Tubular budding of aging cells shows large variation in both bud size and growth rate

In contrast, cells in Mode 1 have very different behavior even when they are young. Although young mother cells in this aging mode also generate spherical buds, the growth rate varies a lot from sample to sample (Fig 2B). Some buds grow linearly at rates similar to cells in Mode 2. Others grow much faster with short cell cycles or grow much more slowly. Although most samples still grow linearly, the variation among young cells in Mode 1 is much larger than in Mode 2. Similar behavior is also observed on the bud aspect ratio (Fig 2F). The variation of aspect ratio among samples is large, remaining constant within individual cell cycles and the overall average is still close to 1. This indicates a spherical shape is maintained in individual cell cycles for young mother cells in Mode 1.

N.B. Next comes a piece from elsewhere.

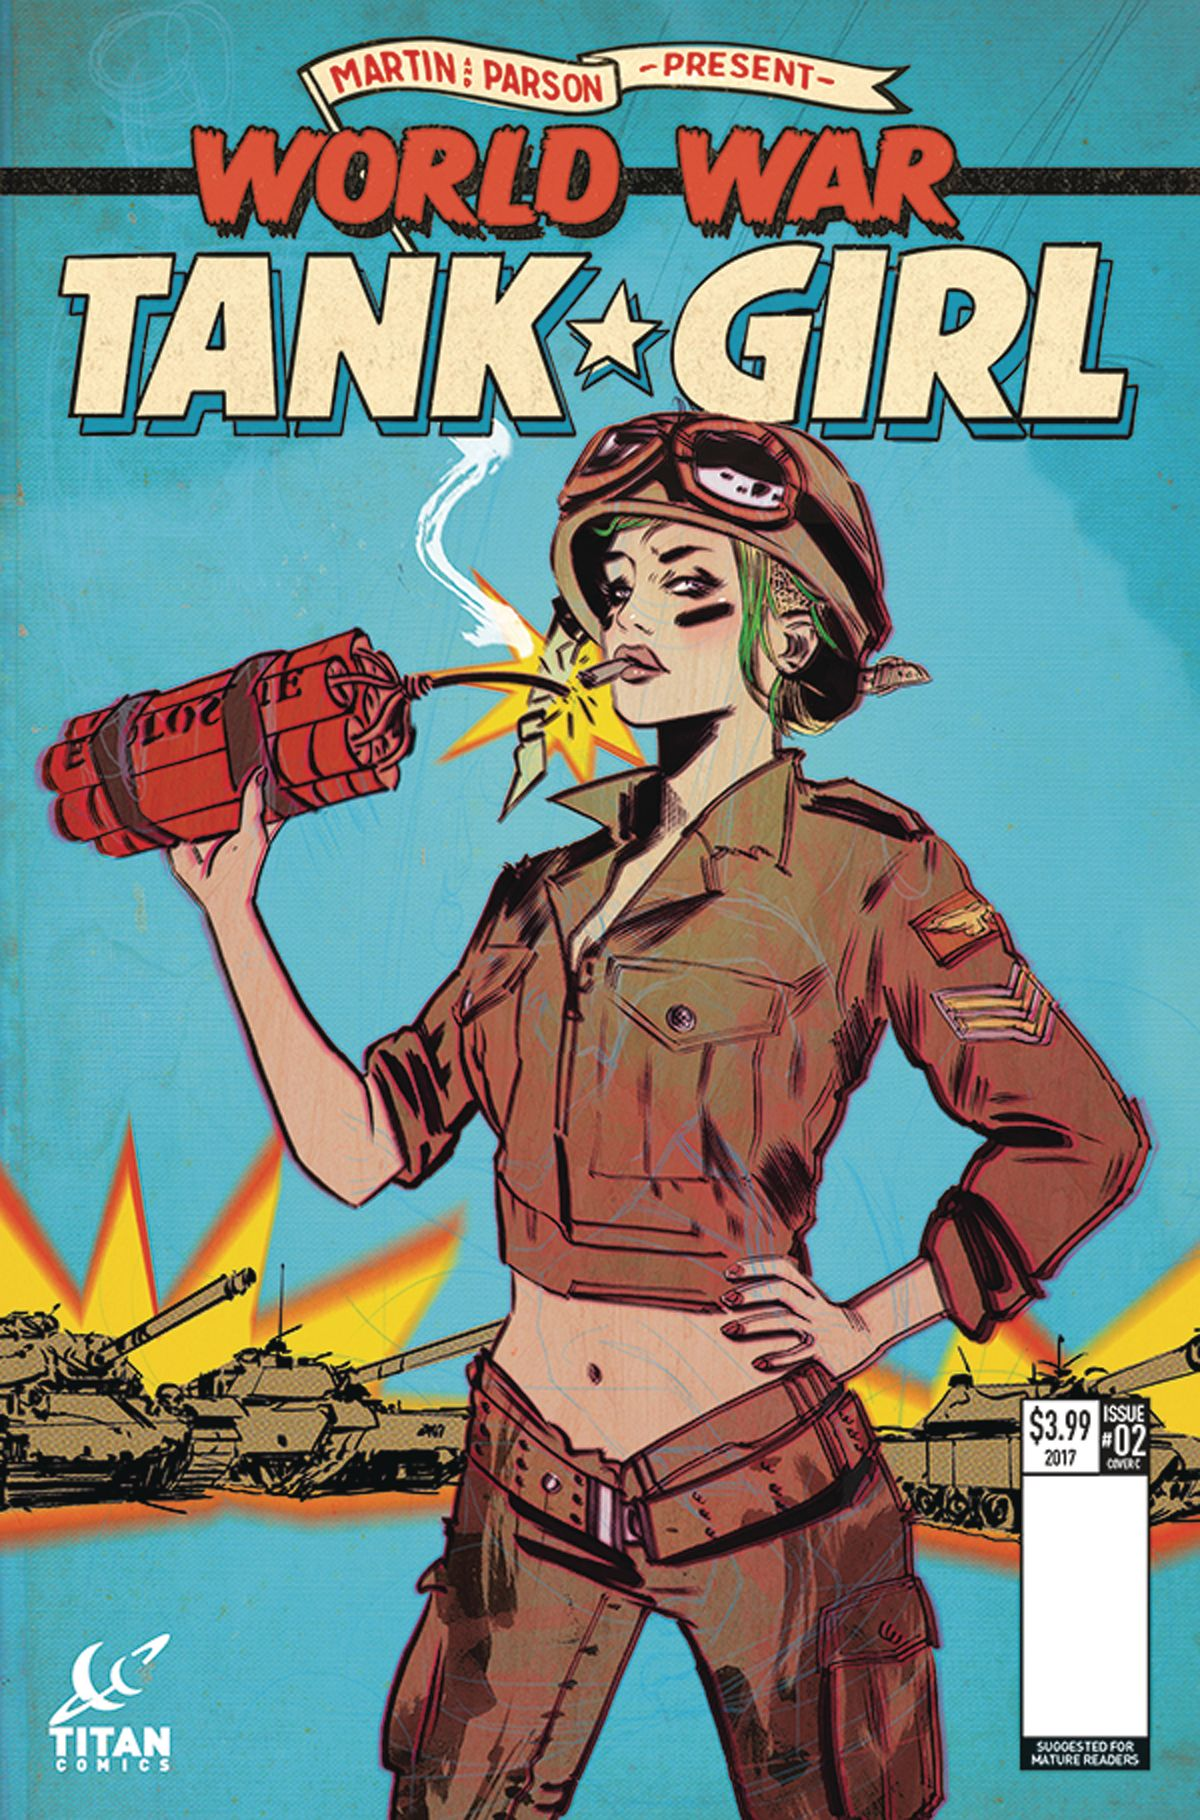 TANK GIRL WORLD WAR TANK GIRL #2 (OF 4) CVR C LOTAY | Other Comic

As mother cells in Mode 1 get older, on average, bud initiation becomes faster (Fig 2D) and bud shape becomes asymmetric right after the bud initiation (Fig 2H). For most of the samples we collect, buds still grow linearly, and the bud aspect ratio increases rapidly only during the early stage followed by a saturation, while the bud keeps growing. Large variation is observed in the aspect ratio from sample to sample (Fig 2H). All tubular buds collected reach much larger final sizes than those generated by young cells and the cell cycle of aging cells becomes much longer. In comparison to cells in Mode 2, which always generate spherical buds of similar size at different ages, the final size of tubular budding shows a large variation among samples (Fig 2A–2D). This indicates a less effective size control mechanism governing aged cells in this mode. The growth rate of tubular budding also varies significantly from sample to sample, but the average rate is similar to that in young cells (Fig 2B and 2D).

Based on the comparison between young and old mother cells in those two modes, we notice that the yeast budding behavior starts to diverge in terms of the shape’s robustness in young cells. However, the average bud size and shape remain similar for the two aging modes. As mother cells age, the divergent behavior becomes more visible. Buds with different sizes and shapes are generated, while the bud growth remains linear in both modes (Fig 2A–2D). Such linear growth of the bud surface area, observed in both spherical and tubular budding, justifies a model assumption that new cell surface materials are delivered and inserted into the bud region periodically at a roughly constant rate throughout the budding process resulting in linear growth. Moreover, as shown in experiments, for both spherical and tubular budding modes, this cell surface material insertion rate changes as cells age.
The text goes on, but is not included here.